_Exercise data_:
════
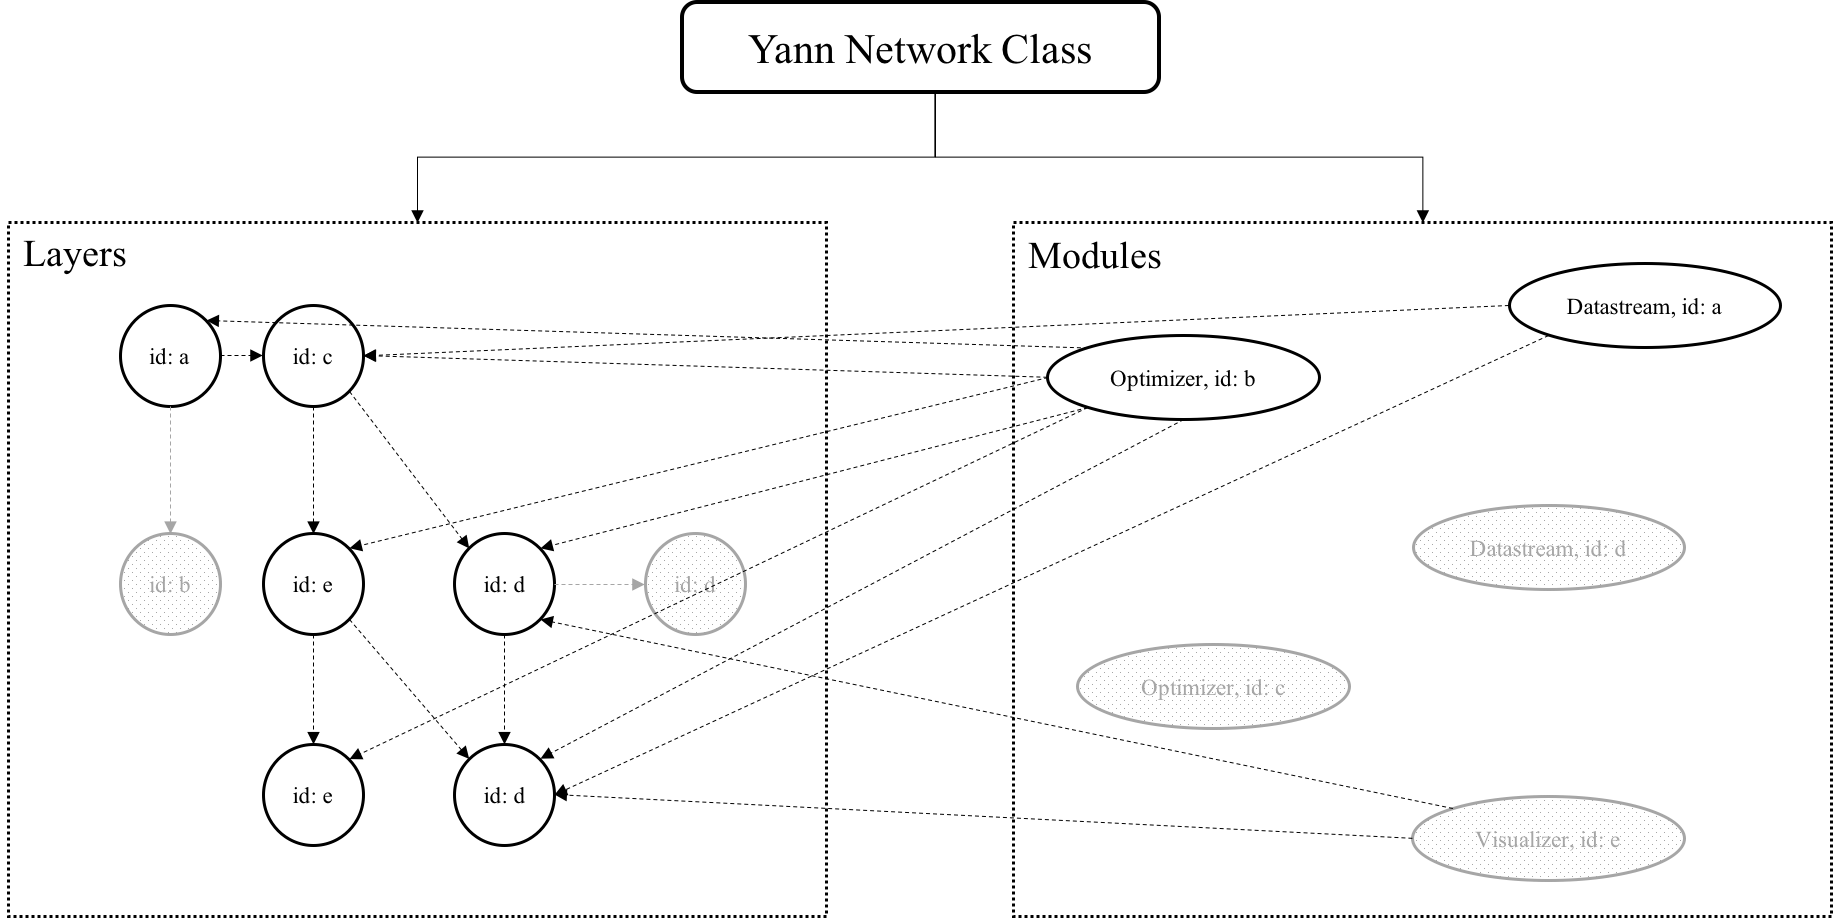 A cooked network. The objects that are in gray and are shaded are uncooked parts of the network.
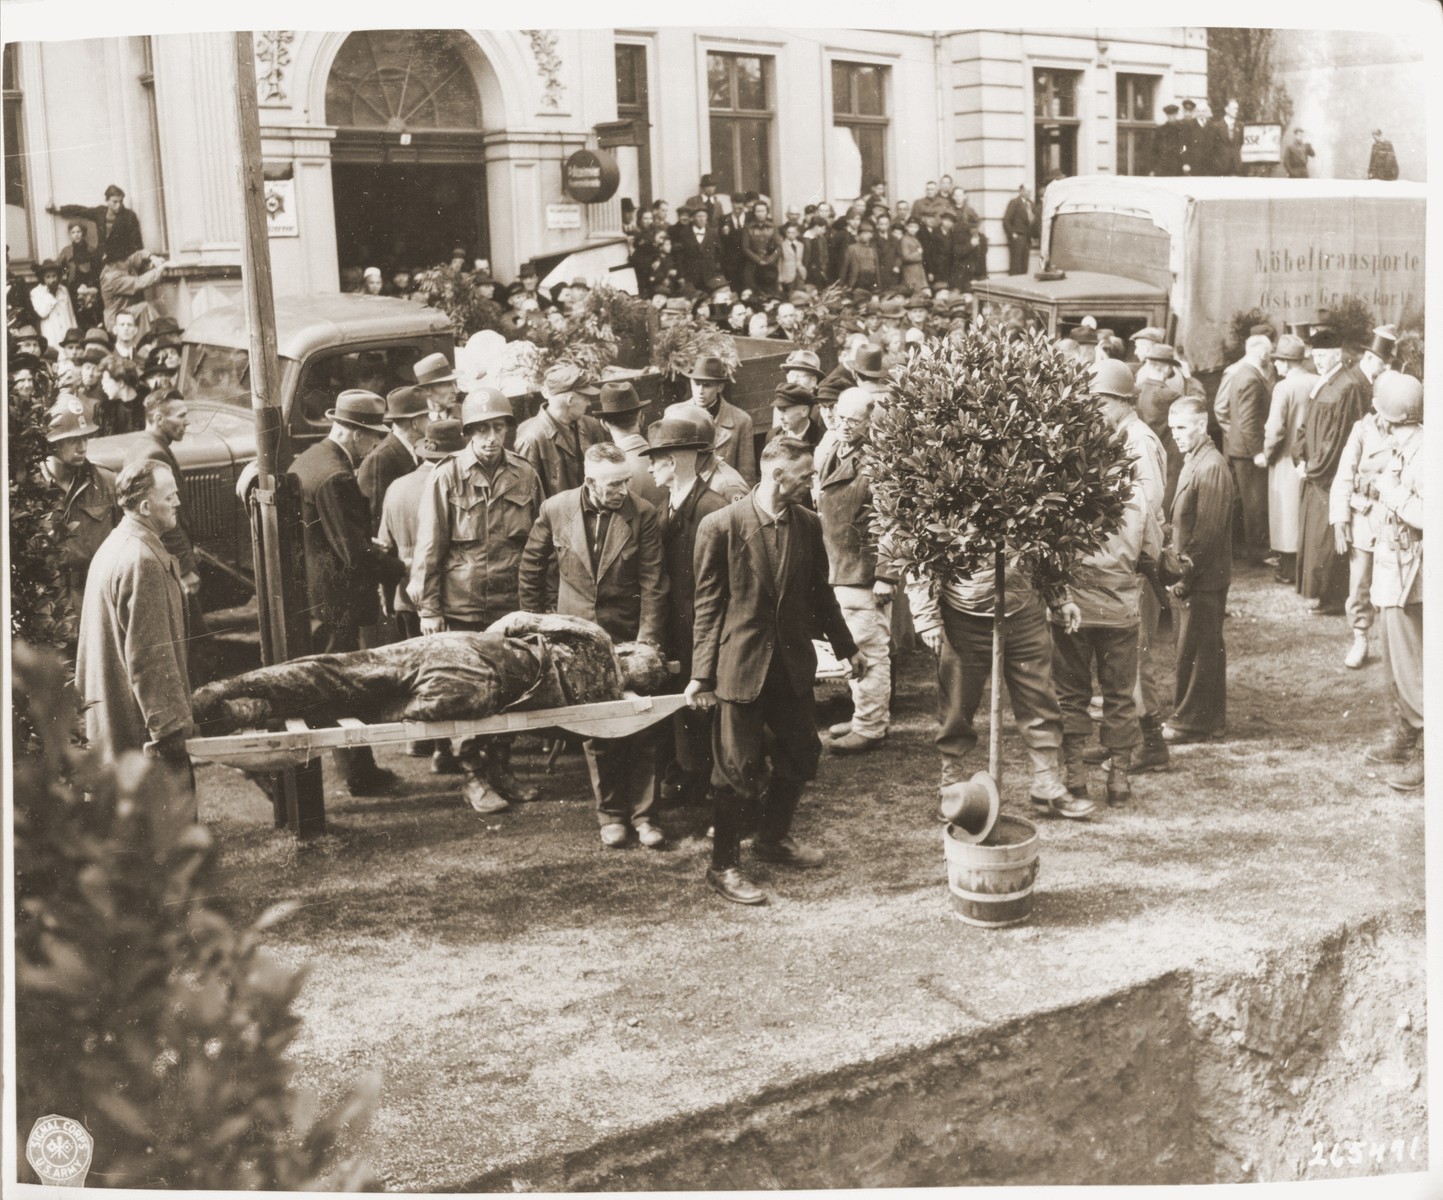 Under the supervision of American soldiers, German civilians bury the bodies of 71 political prisoners, exhumed from a mass grave near Solingen-Ohligs, in front of the city hall.  The victims, most of whom were taken from Luettringhausen prison, were shot and buried by the Gestapo following orders to eliminate all Reich enemies just before the end of the war.
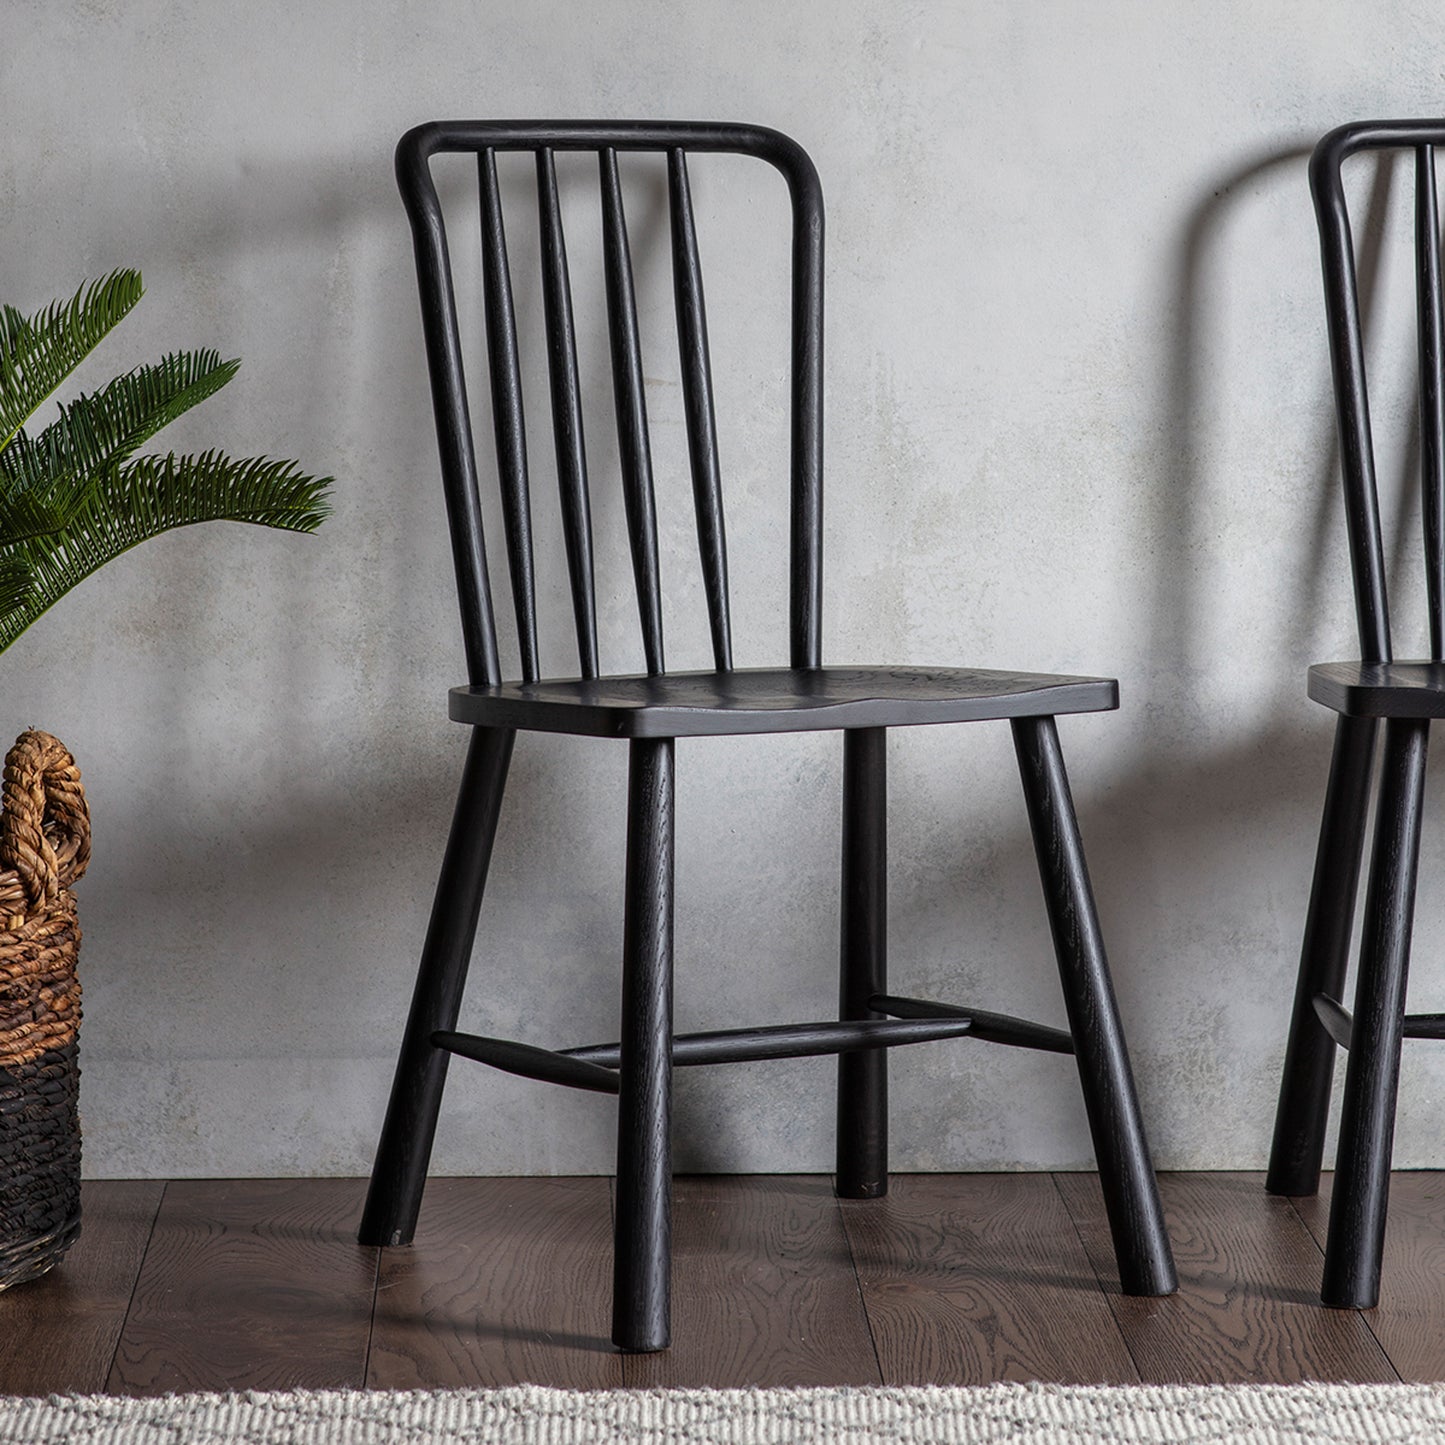 Two Tigley Dining Chairs Black 450x455x920mm (2pk) from Kikiathome.co.uk enhancing interior decor next to a potted plant.
════
_Activity_:
Produce an exact copy of every line above, with the images left out.

_Task response_:
 A cooked network. The objects that are in gray and are shaded are uncooked parts of the network.
 Under the supervision of American soldiers, German civilians bury the bodies of 71 political prisoners, exhumed from a mass grave near Solingen-Ohligs, in front of the city hall.  The victims, most of whom were taken from Luettringhausen prison, were shot and buried by the Gestapo following orders to eliminate all Reich enemies just before the end of the war.
 Two Tigley Dining Chairs Black 450x455x920mm (2pk) from Kikiathome.co.uk enhancing interior decor next to a potted plant.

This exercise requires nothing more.